I hopped over my wall and tackled her. We
wrestled in the snow for a good five minutes. Finally, both panting
heavily from the scuffle, we ceased simultaneously and kissed
passionately. Her tongue quickly melted into a wet, warm gummy
bear.

 

Our mouths unlocked and we gazed at one
another blissfully.
Maybe
, I thought,
this is a new
beginning for us
.
I love her and she loves me
.
What
more could a guy want
?

 

“I love you, A.J.” she said. “The more time I
spend with you, the more I realize how, deep down inside,
you’re
perfect
.” I’ll never forget her calling me
perfect
. It
was the greatest compliment of my life. And, had I been smart, I
would’ve accepted Maria’s sincerity and beauty, and kept the
promise I made that day, and started fresh.

 

“I love you, too. You’re not so bad
yourself.” I winked. “Let’s go in the house and make love under the
covers.”

 

She smiled. “Good idea.
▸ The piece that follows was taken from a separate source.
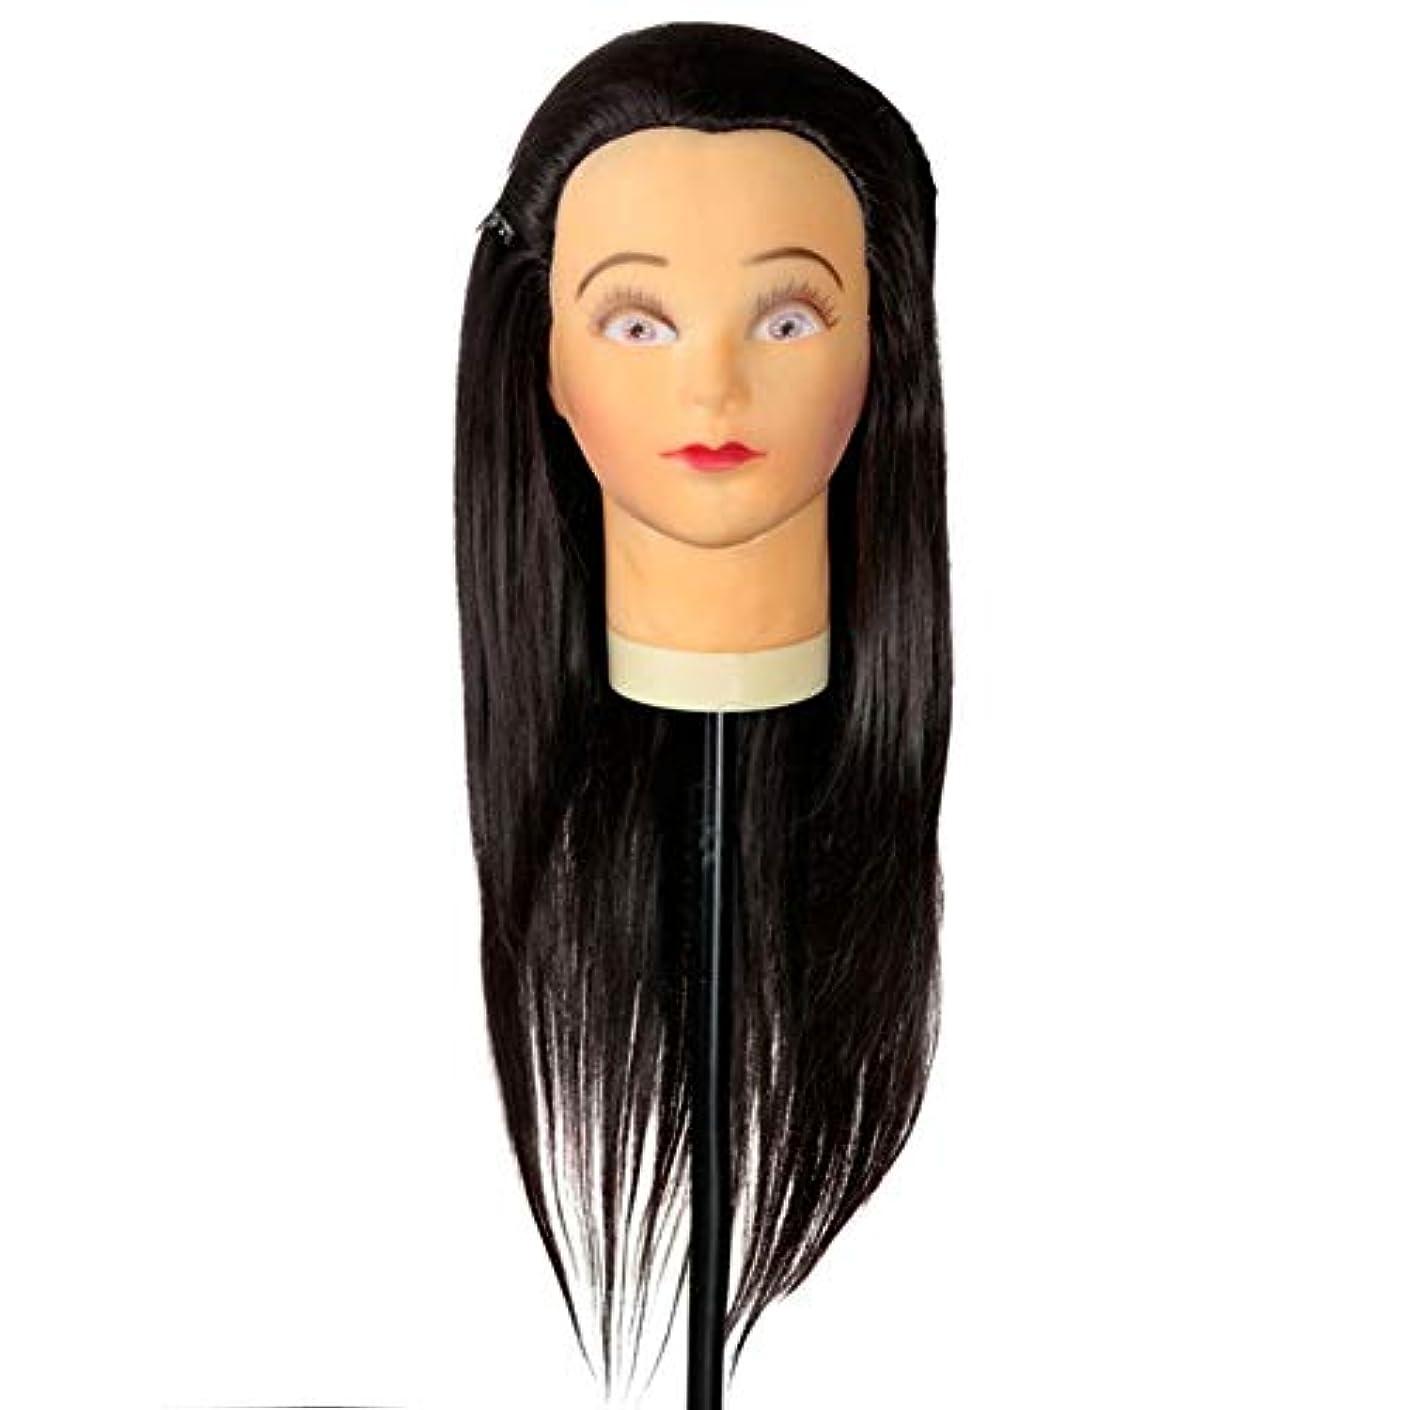 ラッカスしなやかな主人メイクアップエクササイズディスク髪編組ヘッド金型デュアルユースダミーヘッドモデルヘッド美容ヘアカットティーチングヘッドかつら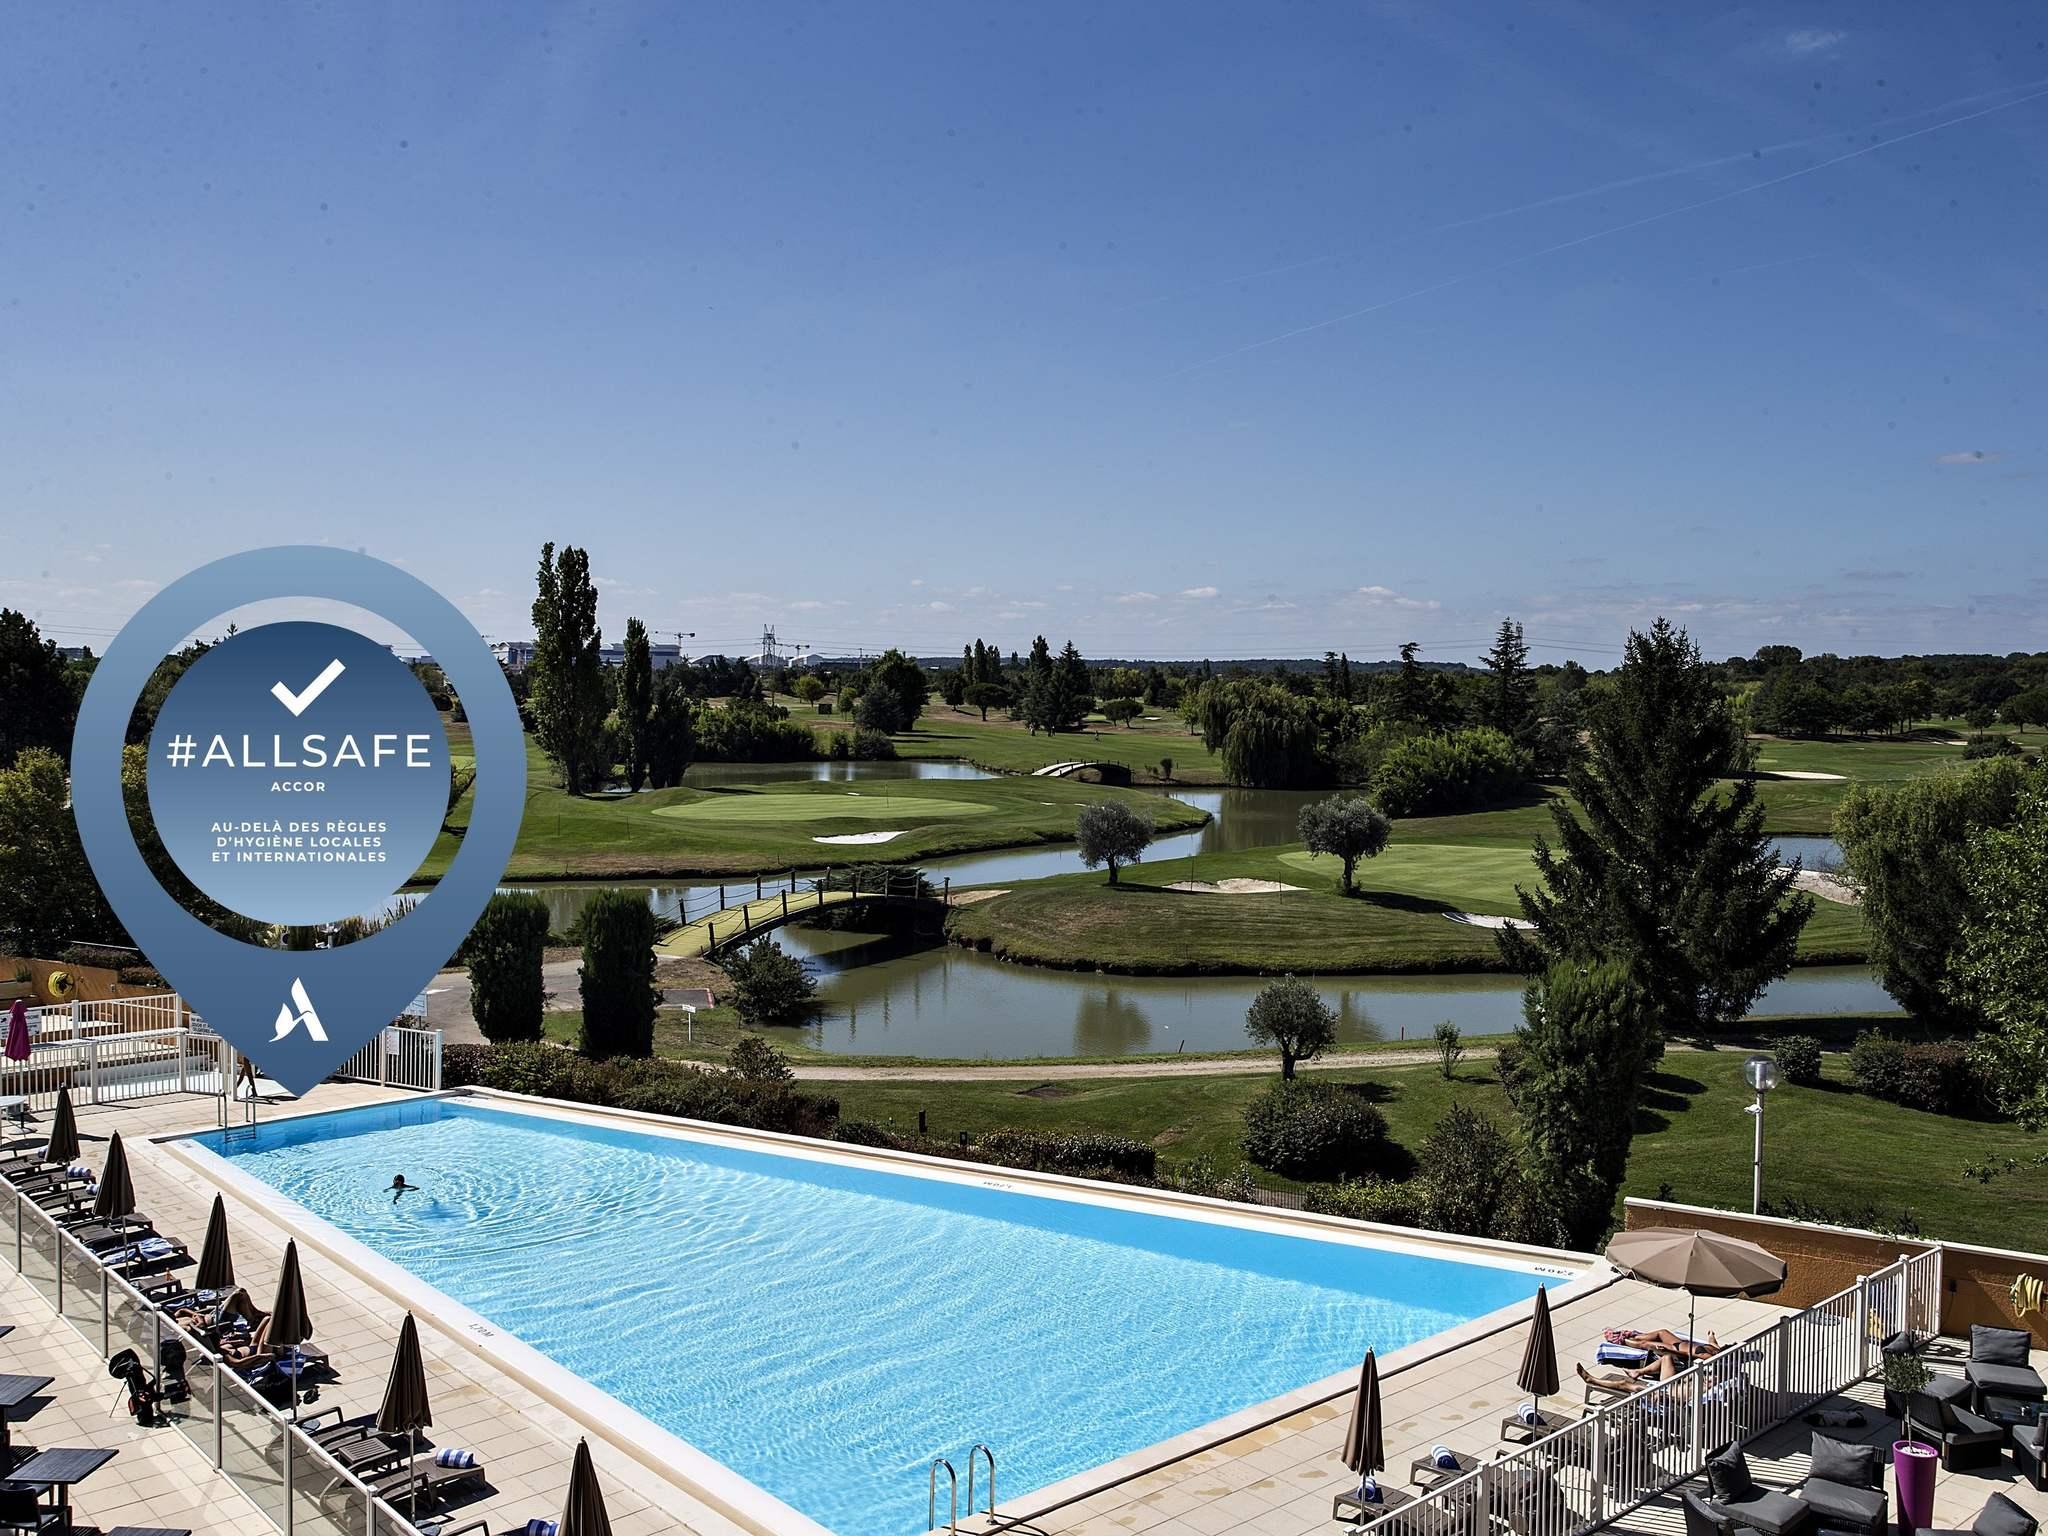 Hotel - Mercure Toulouse Airport Golf de Seilh Hotel

Let’s go.”

 

We rose and shook the snow off our bodies. I
brushed icicles out of her hair as she wiped snowflakes out of my
eyelashes.

 

We were just about to walk toward the door
when some kid, a guy that must have been three or four years
younger than me, hobbled down the street struggling with a giant
red snow shovel. He walked over to Maria’s front gate and asked if
Mrs. Della Verita was home. Maria said that she was, but no thank
you, she didn’t want her sidewalk shoveled that day. The kid said
okay and walked to the house next door. Maria didn’t say his name,
but it looked like they knew each other.

 

“Who was that kid?” I asked.

 

“He’s, um, Louie.” She seemed perplexed by my
question.

 

“Louie who?”

 

“Louie Gick. Who cares? He’s lives up the
block.”

 

“Do you think he’s cute?”

 

“He’s fourteen years old!”

 

“I didn’t ask his age. I asked if you think
he’s cute or not.” My voice was penetrating and monotonous.

 

“What the hell are you talking about?”
Actually,
What da hellaya tawkin’ about?
Maria’s New York
accent always surfaced when she was angry.

 

“I saw the way you looked at him. You think
he’s cute, don’t you?”

 

Maria picked up a hunk of ice and smashed it
in my face. Blood trickled from my nostrils, past my lips, and down
my chin, all the way to the bronze interlocking teeth of the zipper
on my bomber jacket.

 

“I’m sick of this shit!” she bellowed. “Just
go the fuck home!” Her voice echoed down the quiet white
street.

 

“Wait, what did I do?”

 

“Please, A.J., just please go home.” She
started walking inside, but I ran up the icy stairs and yanked her
by the shoulder. She fell on her ass.

 

“Leave me alone!” Maria shrieked, as she
plopped down not one, not two, but three stairs to the frozen
concrete at the bottom. She struggled to stand and then I grabbed
her mitten-covered hand and yanked her to her feet.

 

Looking straight in her face, I said: “I know
you think he’s cute. I saw you looking at him. Just admit it.”

 

“You’re nuts,” she replied, huffing and
puffing from her brief but vigorous fall.